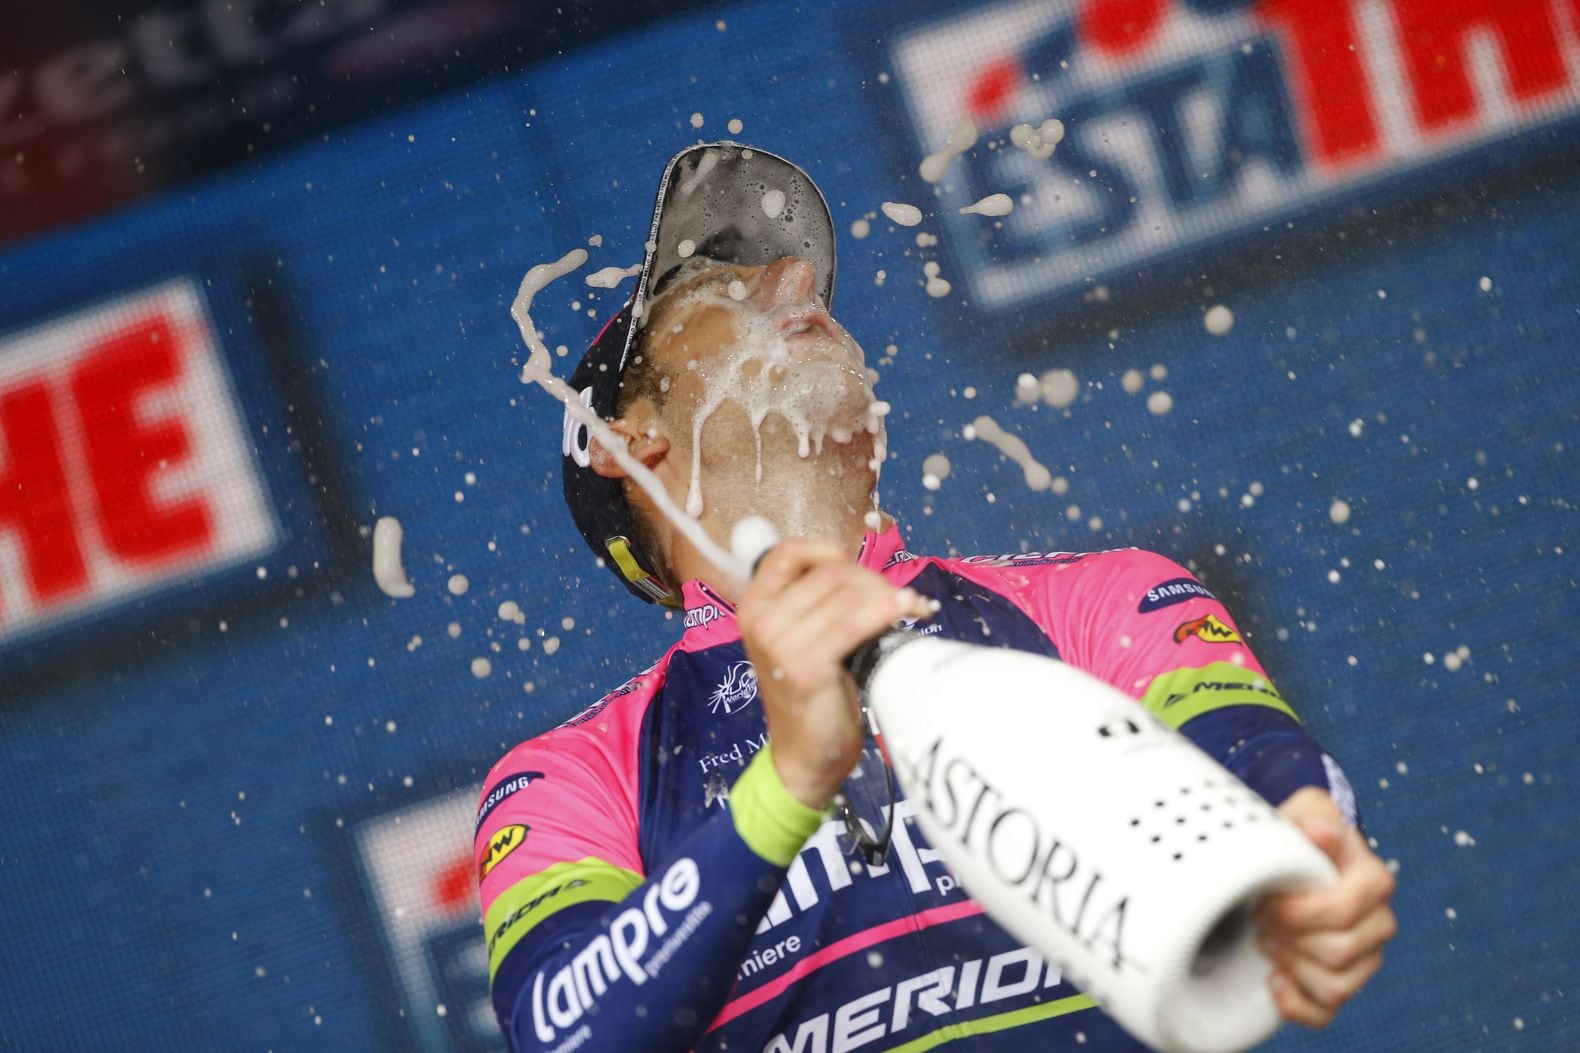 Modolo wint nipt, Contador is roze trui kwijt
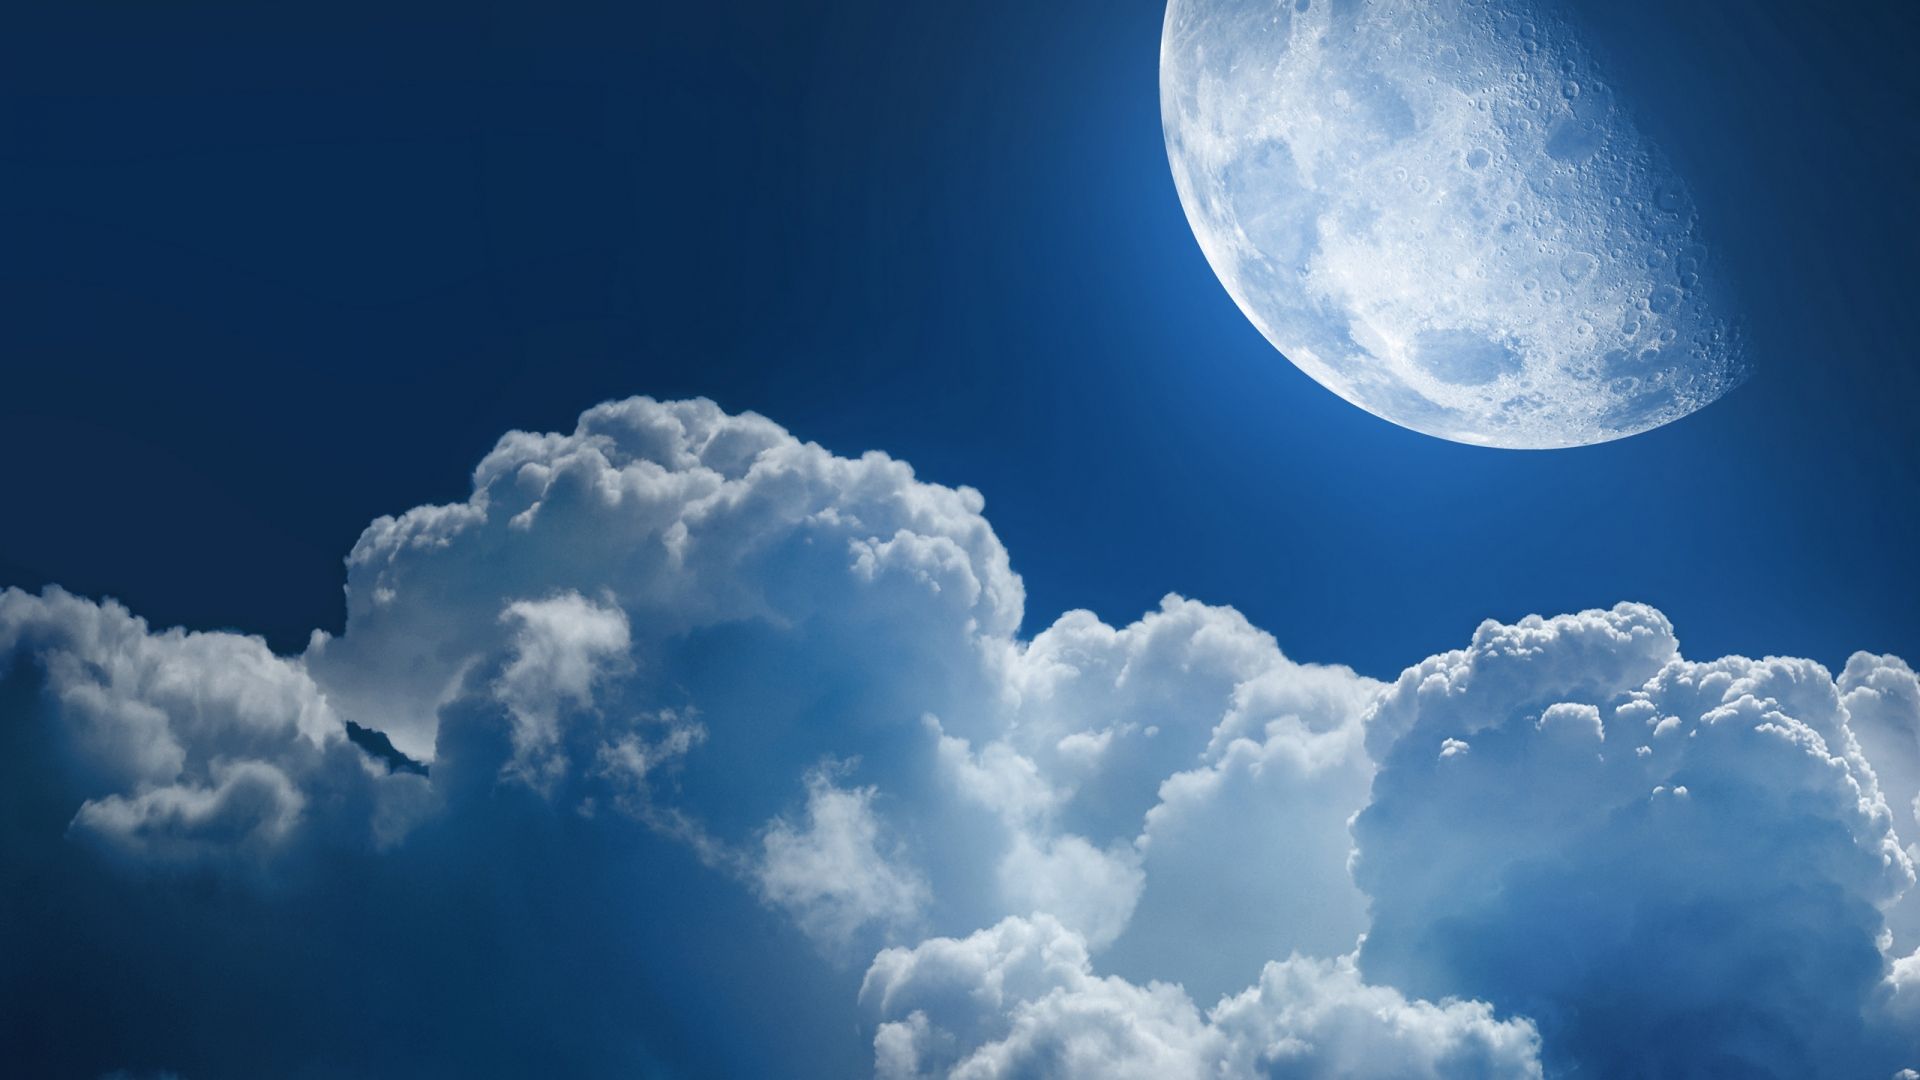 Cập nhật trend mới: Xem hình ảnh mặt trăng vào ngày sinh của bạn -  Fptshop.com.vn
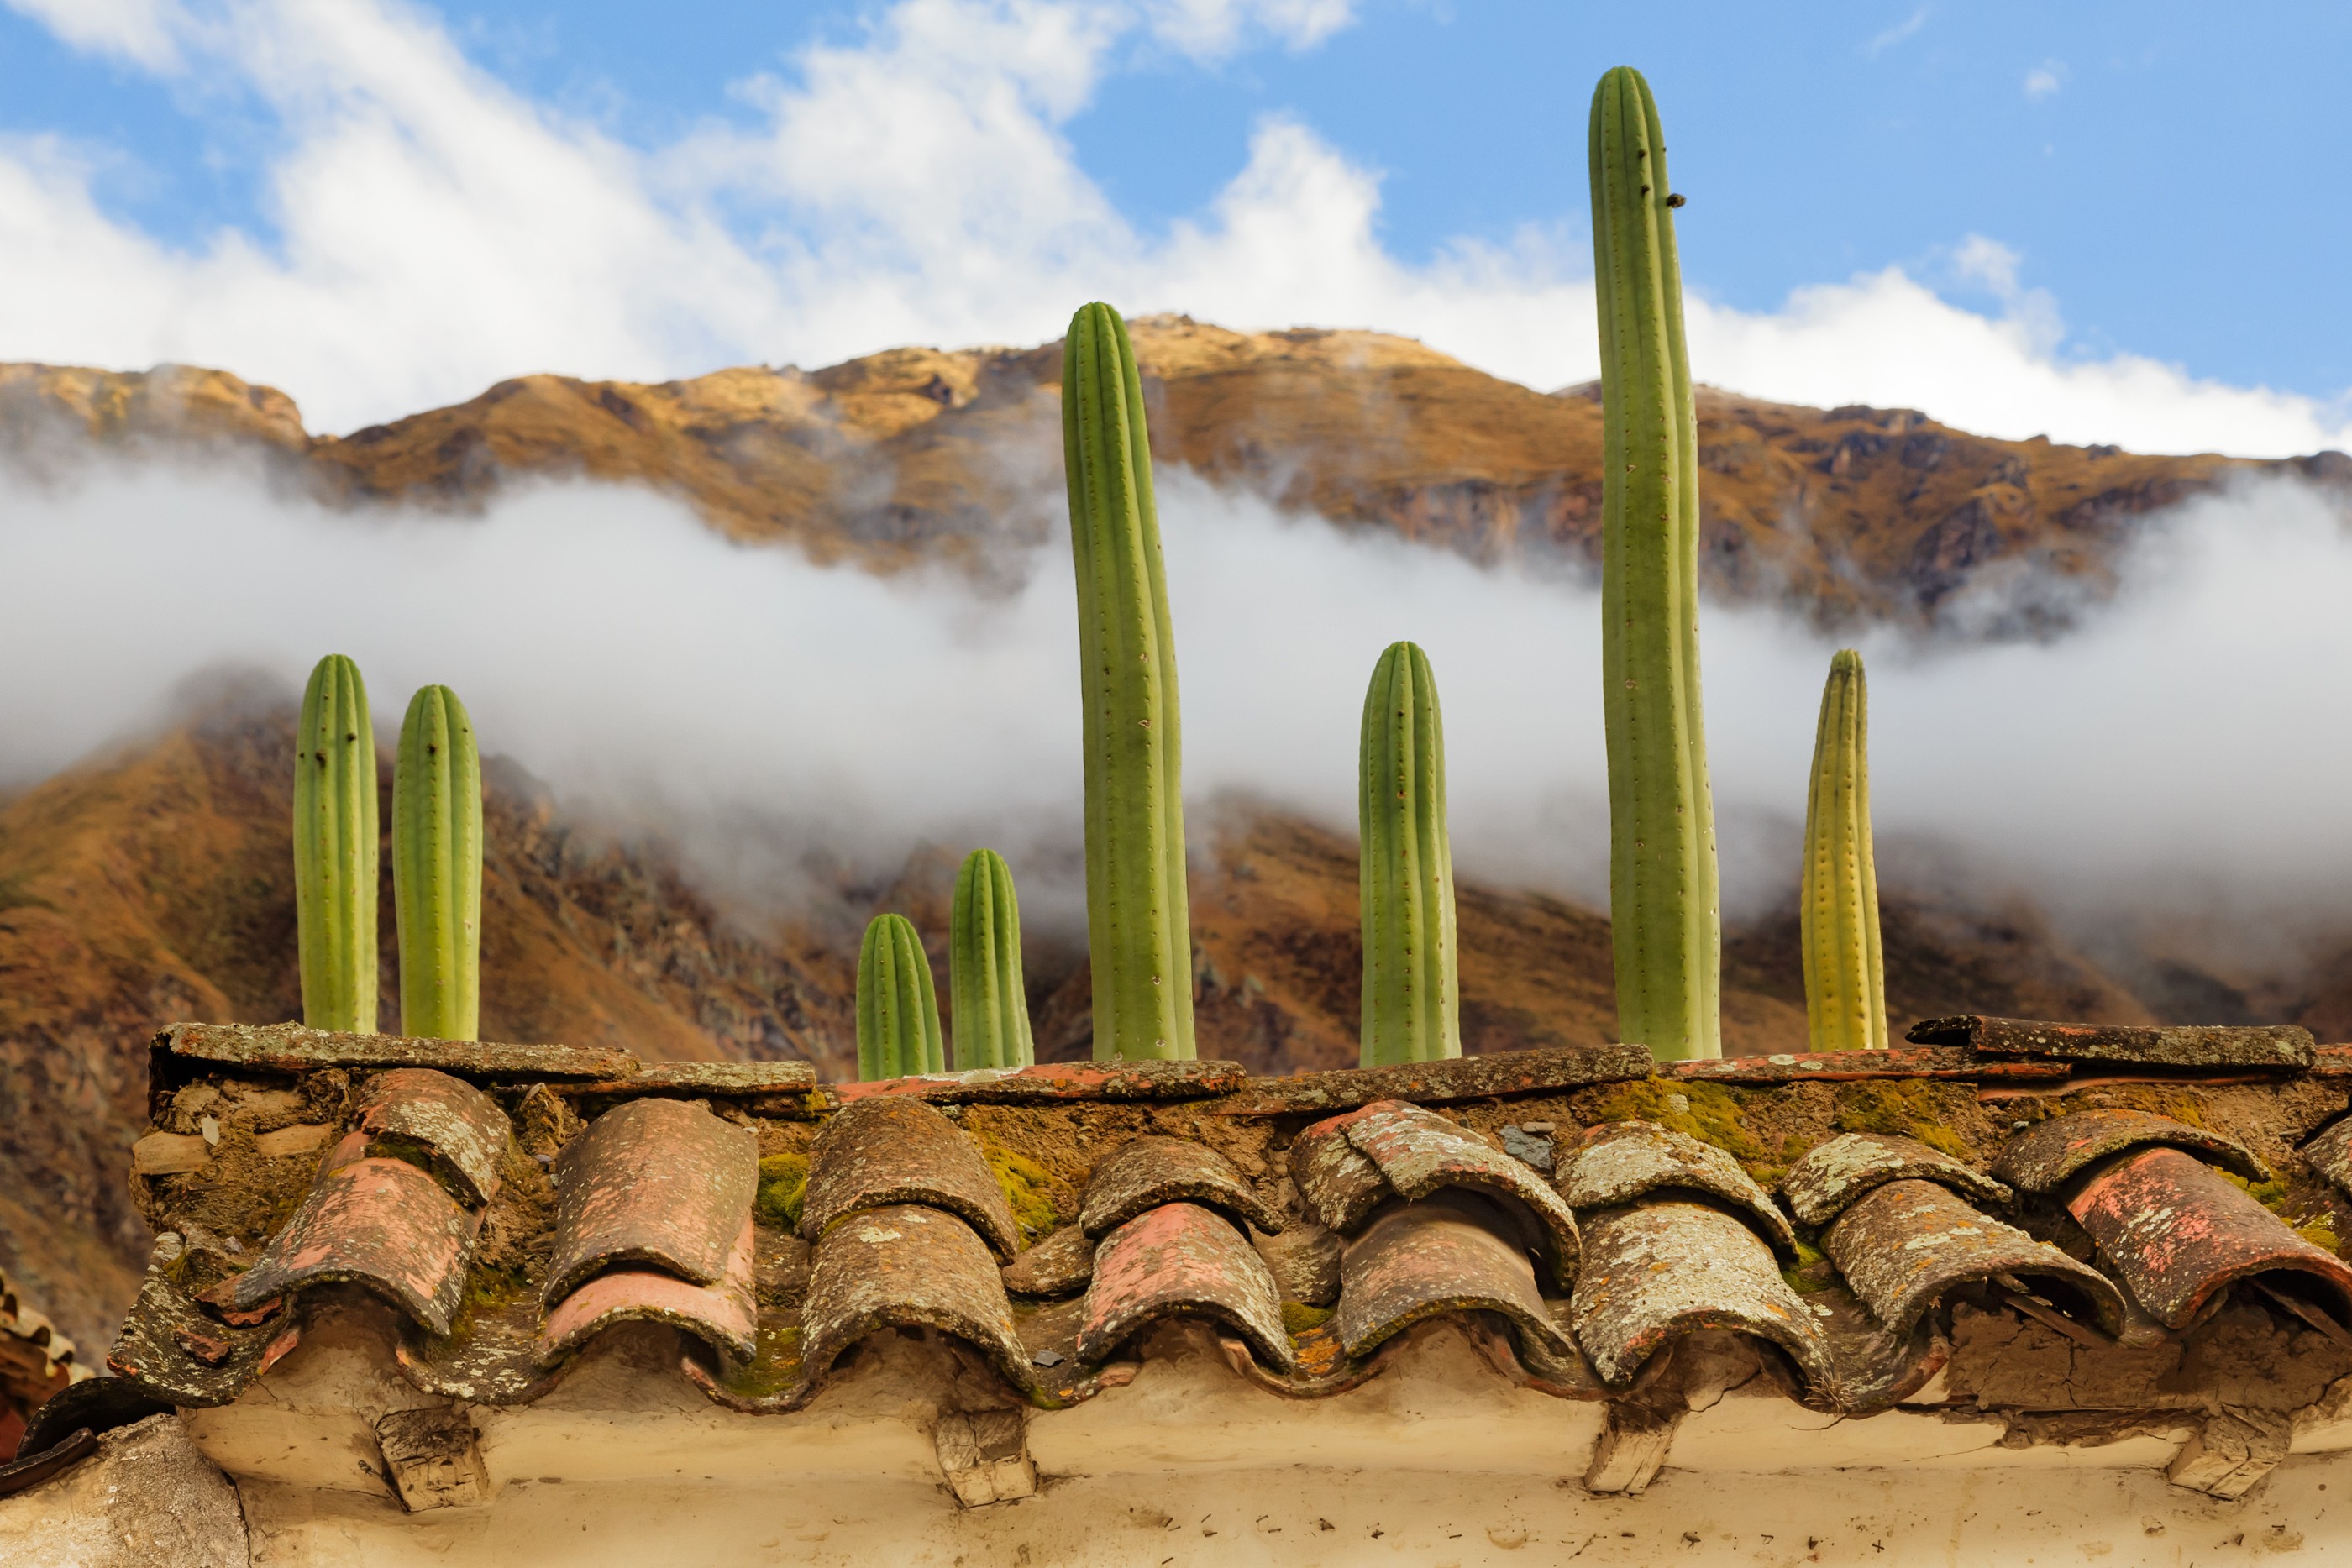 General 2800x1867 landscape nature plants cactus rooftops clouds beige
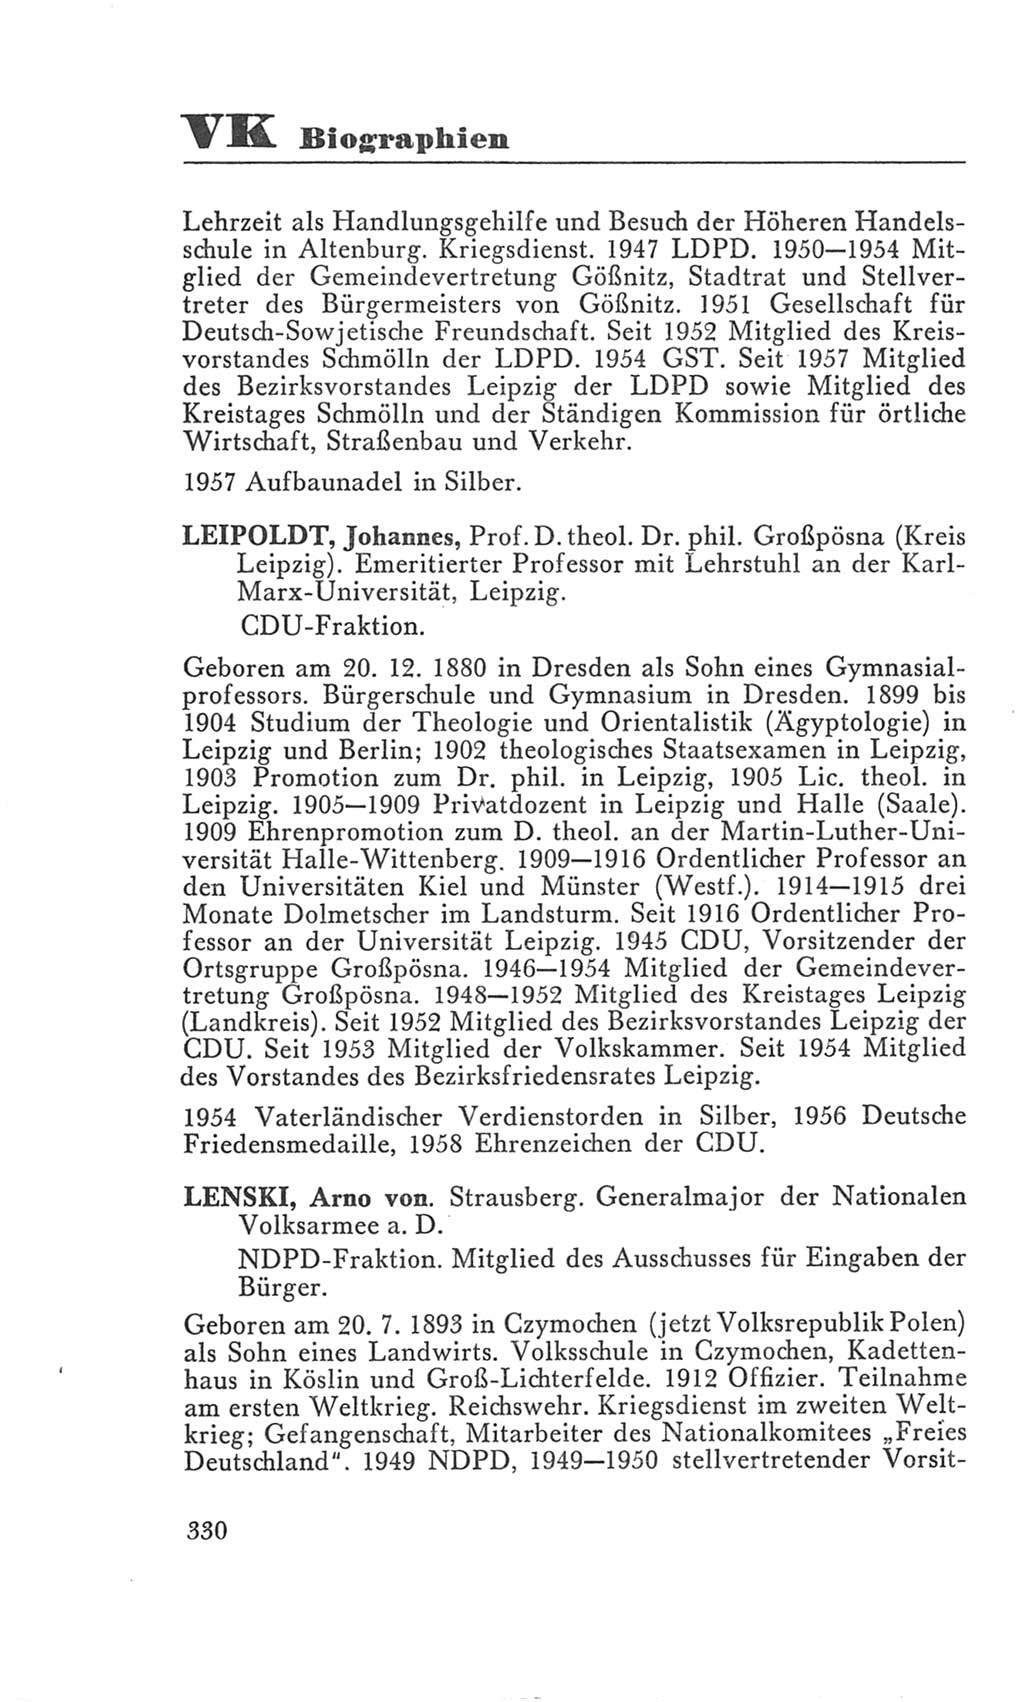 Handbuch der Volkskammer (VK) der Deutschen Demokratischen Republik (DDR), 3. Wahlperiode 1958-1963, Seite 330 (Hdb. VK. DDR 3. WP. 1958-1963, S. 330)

_EXERCISE AIM_
Give the material above again exactly as it stands, minus any images.

_RESPONSE BOX_
 Modolo wint nipt, Contador is roze trui kwijt
 Cập nhật trend mới: Xem hình ảnh mặt trăng vào ngày sinh của bạn -  Fptshop.com.vn
 General 2800x1867 landscape nature plants cactus rooftops clouds beige
 Handbuch der Volkskammer (VK) der Deutschen Demokratischen Republik (DDR), 3. Wahlperiode 1958-1963, Seite 330 (Hdb. VK. DDR 3. WP. 1958-1963, S. 330)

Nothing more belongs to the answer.